Such sadness!

KS Newf

New member
I am so sorry. What wonderful friends you all were to Dexter as well. For your sweet boy to be his authentic self, he had to know unconditional love. Run free and wait dear Dexter. I believe he is with you now in spirit, and you will see him again in the long someday. Bless you and all who grieve sweet Dexter.
 

chumleysma

New member
Loved your photo of Dexter and his soulful eyes. I'm sorry your goodbye was so painful, but this is the high price we have to pay for their unconditional love.
 

lmfoltyn

New member
What a change in our household...Dexter is soooo very much missed...we miss those beautiful eyes of his and the way when you walked past him, he would reach out and hit you with his paw, telling you "hey, pet me"...when he would get excited about something his ears would go up and become so fluffy...so darn cute! This morning I found my husband crying as he "forgot" and went downstairs looking for Dex as he hadn't heard him bark to go outside...we are literally a mess...lots and lots of tears for our sweet boy...there will never be another love like his...how on earth do you get over loosing such a special love?? I can't imagine life being the same!
 

R Taft

Active member
I am so sorry for your loss...............But you gave Dexter the best gift of all :( :heart: Run free with all our Angels Dexter...you will be missed as you were loved :( Ronnie
 

CMDRTED

New member
We grieve with you. Just as Ethel will always be in my heart and mind, so will Dexter be in yours.
 

dumainedogs

New member
I'm so very sorry for your loss. It is so hard to say goodbye to these wonderful dogs after so many years as a part of our lives.
 

Codes

Active member
Oh goodness. I am so very sorry! Godspeed Dex.

I hope you don't mind but I've always found this writing helpful..in time of course. I hope in time it can give you some comfort as well.

We've all lost those special someones. It never gets easier. It if ever does, then I guess we should get out of dogs ASAP. You will heal, in your own time. You will love again, when you feel the time is right. There is no right or wrong way to grieve. It is so very personal.

Take good care of yourselves now and know that we have an understanding of what you might be feeling and we're here to help however we can.

Living Love
If you ever love an animal, there are three days in your life you will always remember...

The first is a day, blessed with happiness, when you bring home your young new friend. You may have spent weeks deciding on a breed. You may have asked numerous opinions of many vets, or done long research in finding a breeder. Or, perhaps in a fleeting moment, you may have just chosen that silly looking mutt in a shelter--simple because something in its eyes reached your heart. But when you bring that chosen pet home, and watch it explore, and claim its special place in your hall or front room--and when you feel it brush against you for the first time--it instills a feeling of pure love you will carry with you through the many years to come.

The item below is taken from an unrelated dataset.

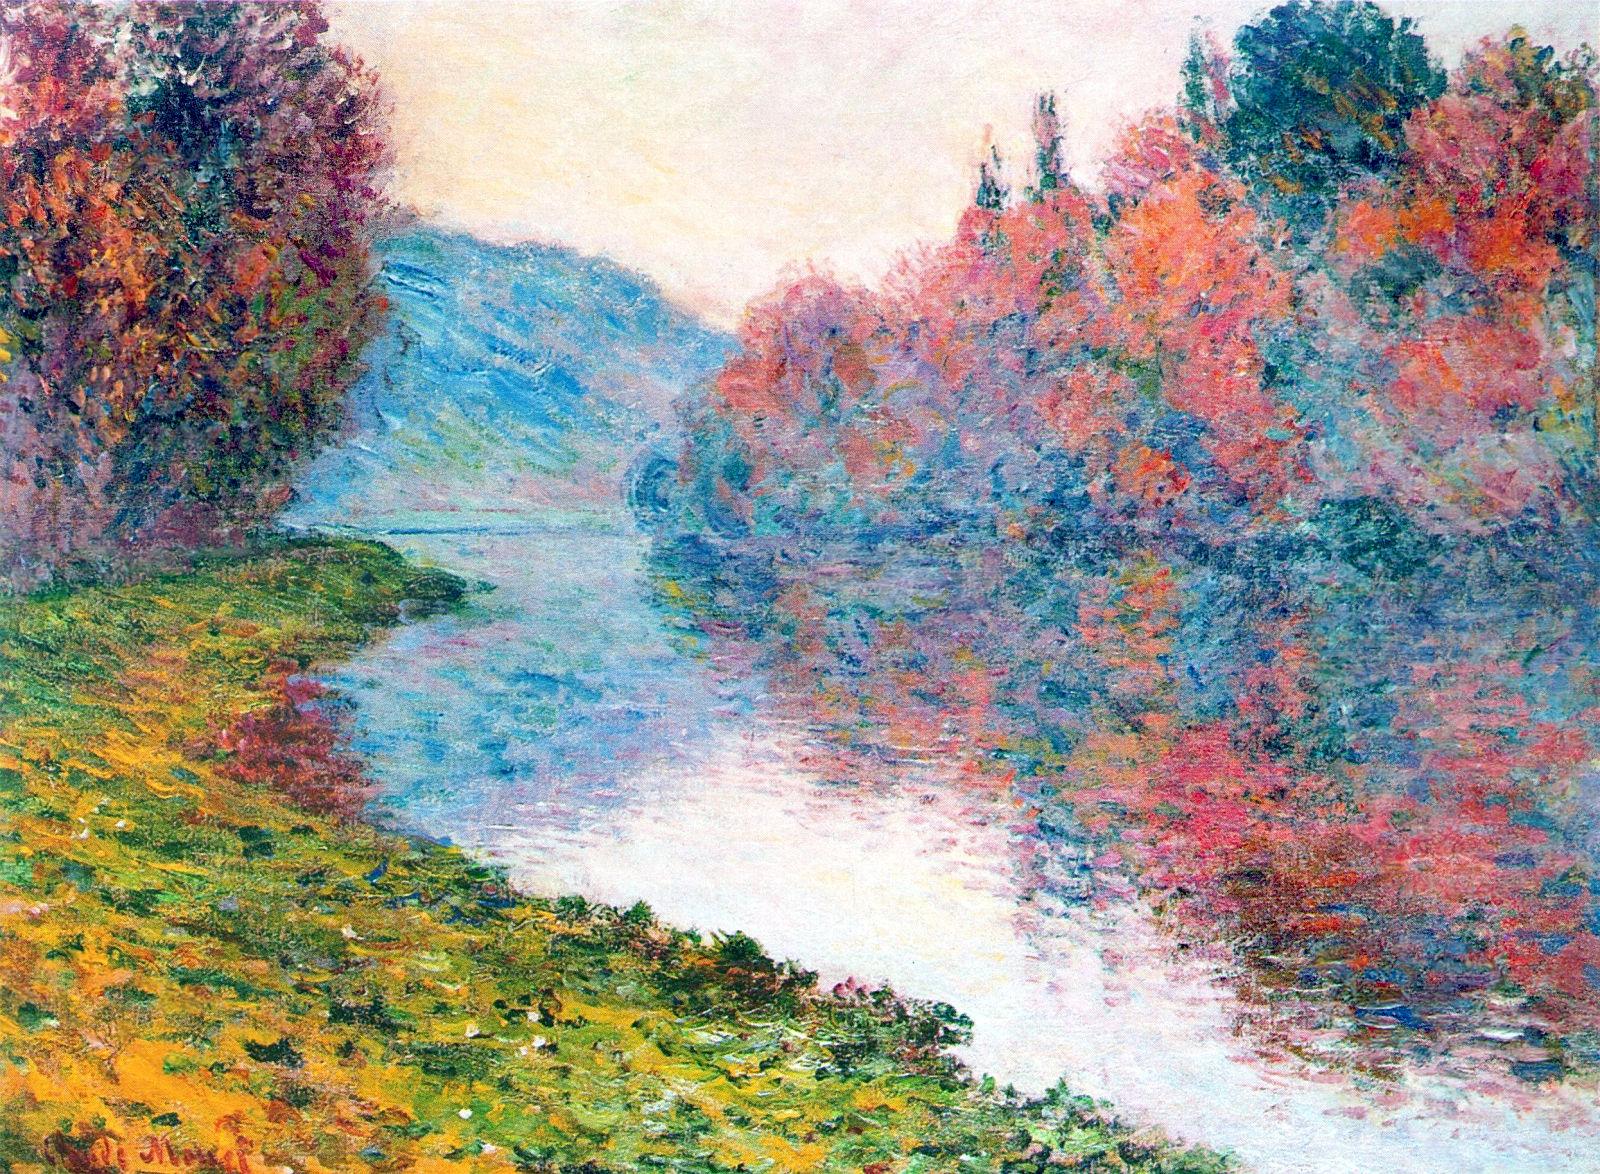 Обои Пейзаж, картина, Жуан-ле-Пен, Клод Моне. Разное foto 7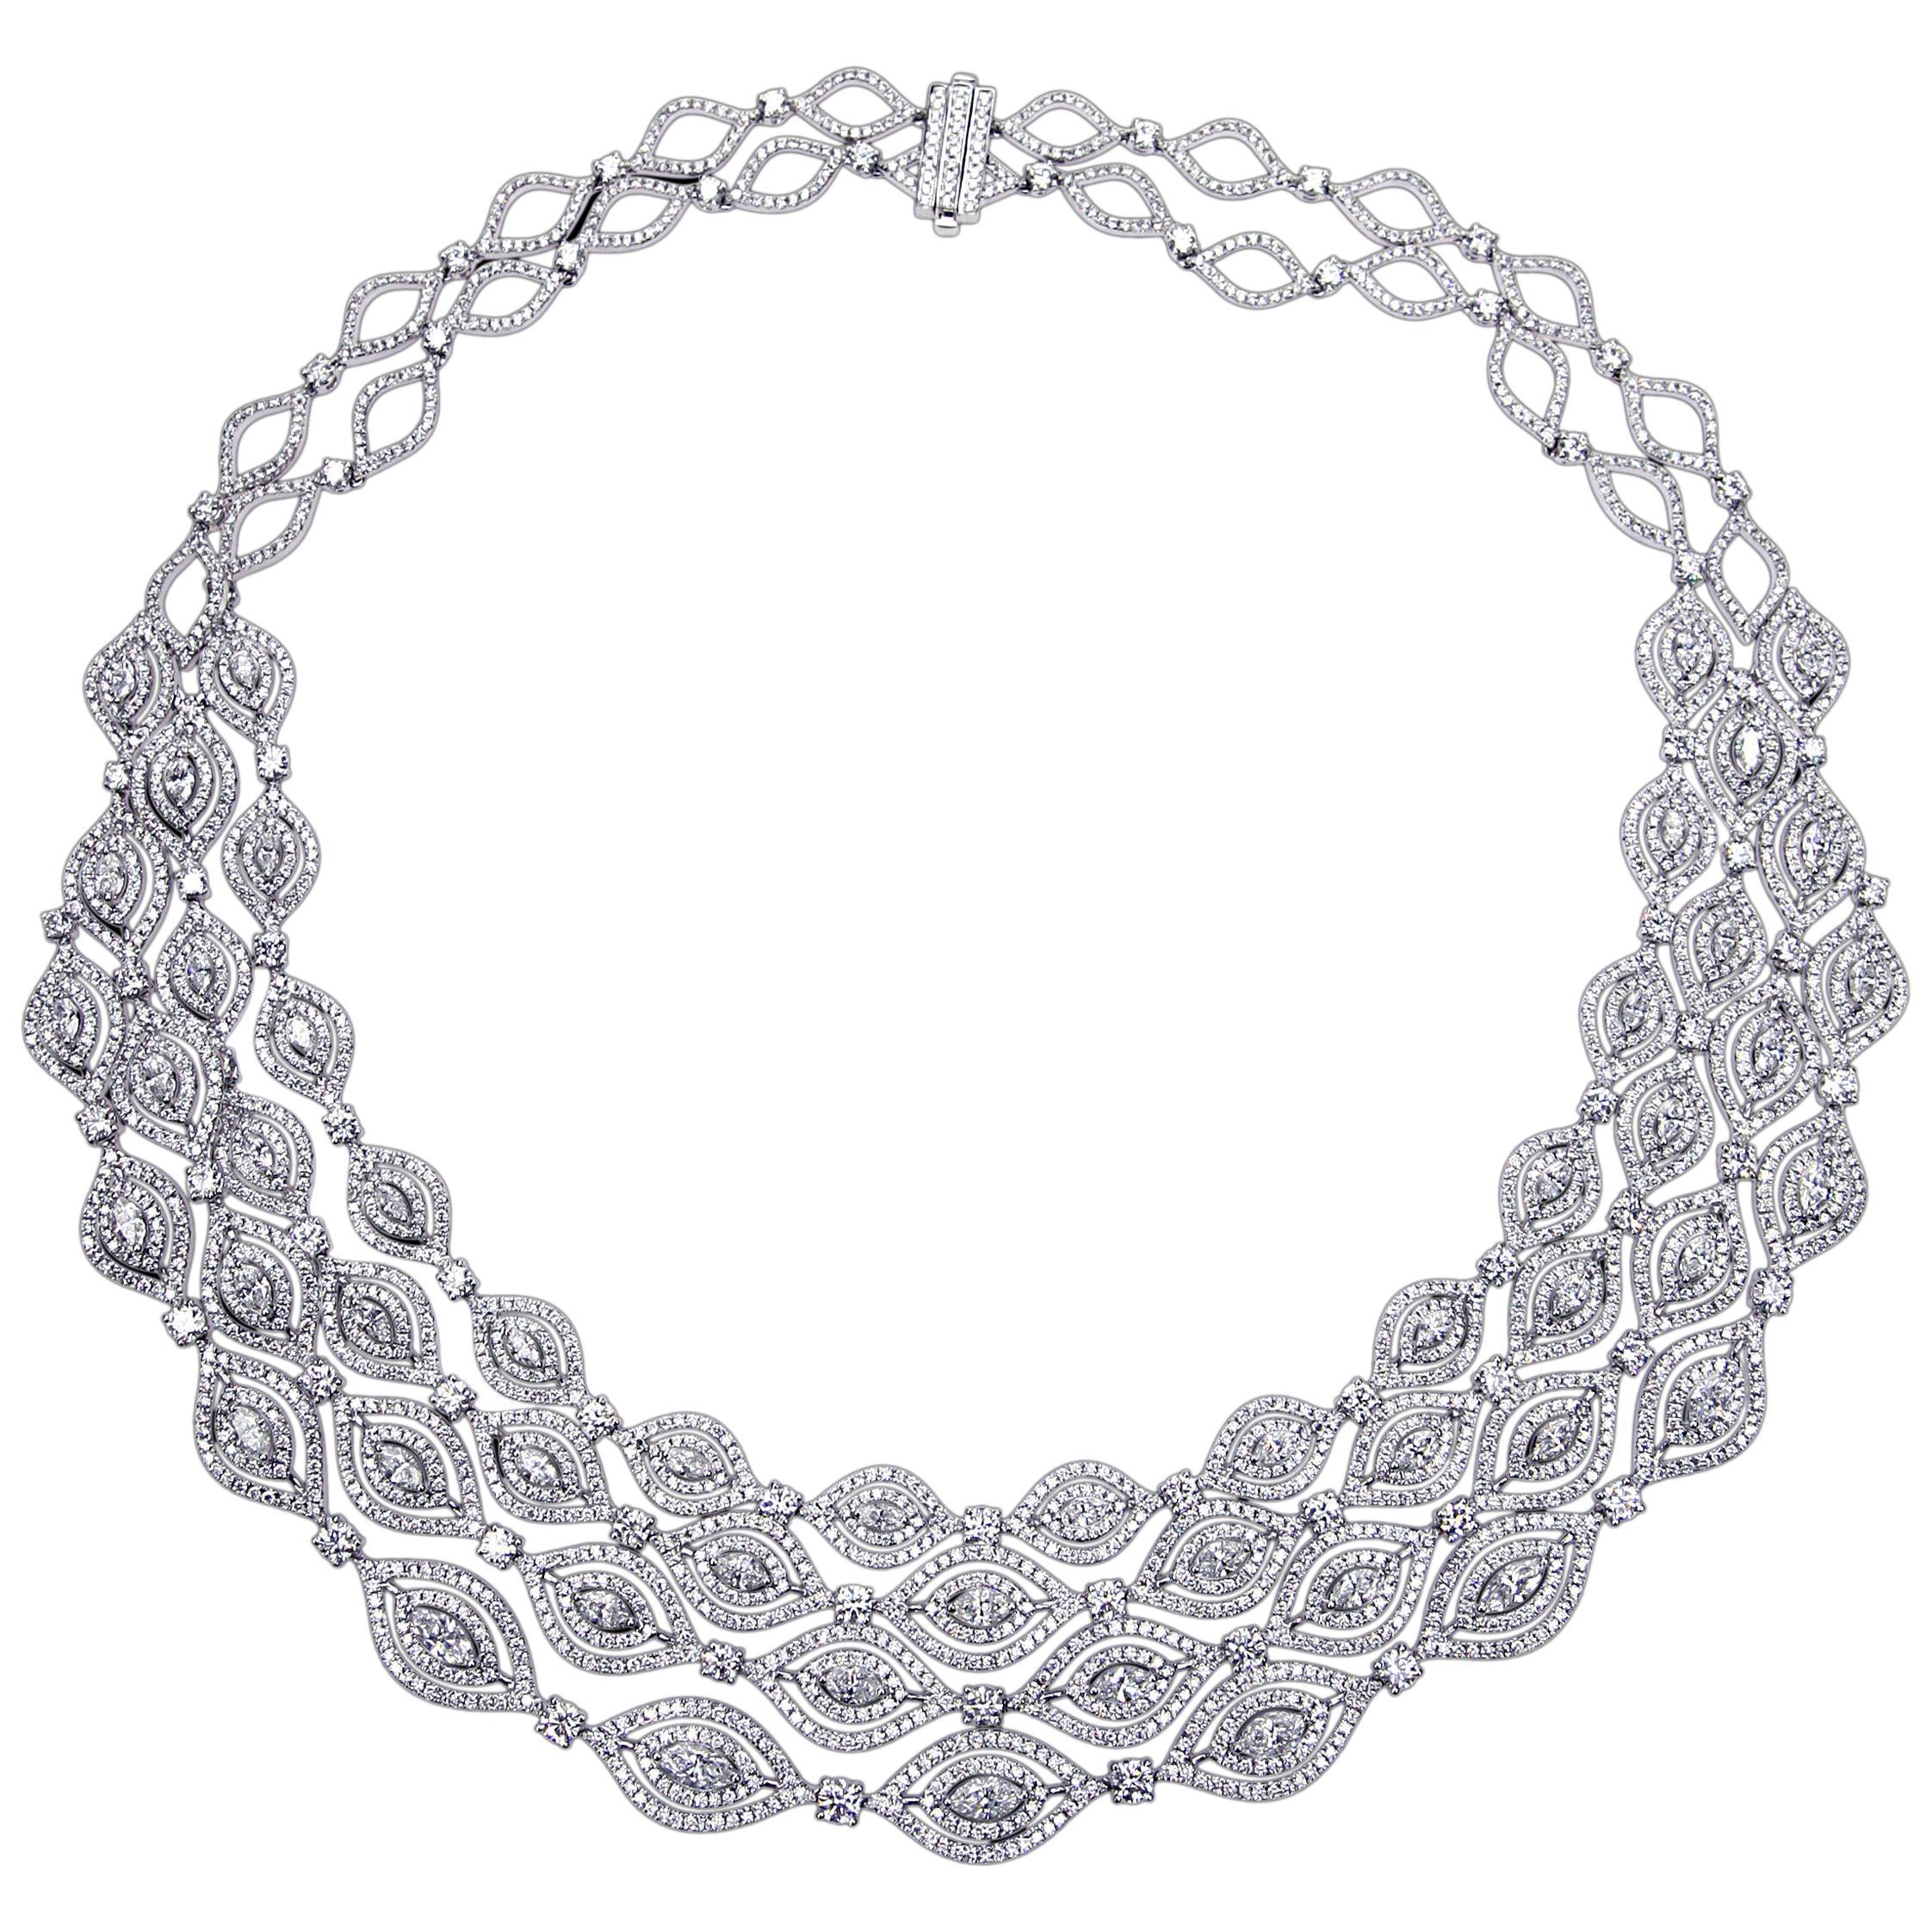 Magnificent 18 Karat Gold and Diamond Necklace

The second day will occur eight or nine or ten years later. It will be a day like any other. Routine and unexceptional. But, for a surprising instant, you will look at your longtime friend and see age where you once saw youth. You will see slow deliberate steps where you once saw energy. And you will see sleep where you once saw activity. So you will begin to adjust your friend's diet--and you may add a pill or two to her food. And you may feel a growing fear deep within yourself, which bodes of a coming emptiness. And you will feel this uneasy feeling, on and off, until the third day finally arrives.

And on this day--if your friend and God have not decided for you, then you will be faced with making a decision of your own--on behalf of your lifelong friend, and with the guidance of your own deepest Spirit. But whichever way your friend eventually leaves you---you will feel as alone as a single star in the dark night.

If you are wise, you will let the tears flow as freely and as often as they must. And if you are typical, you will find that not many in your circle of family or friends will be able to understand your grief, or comfort you.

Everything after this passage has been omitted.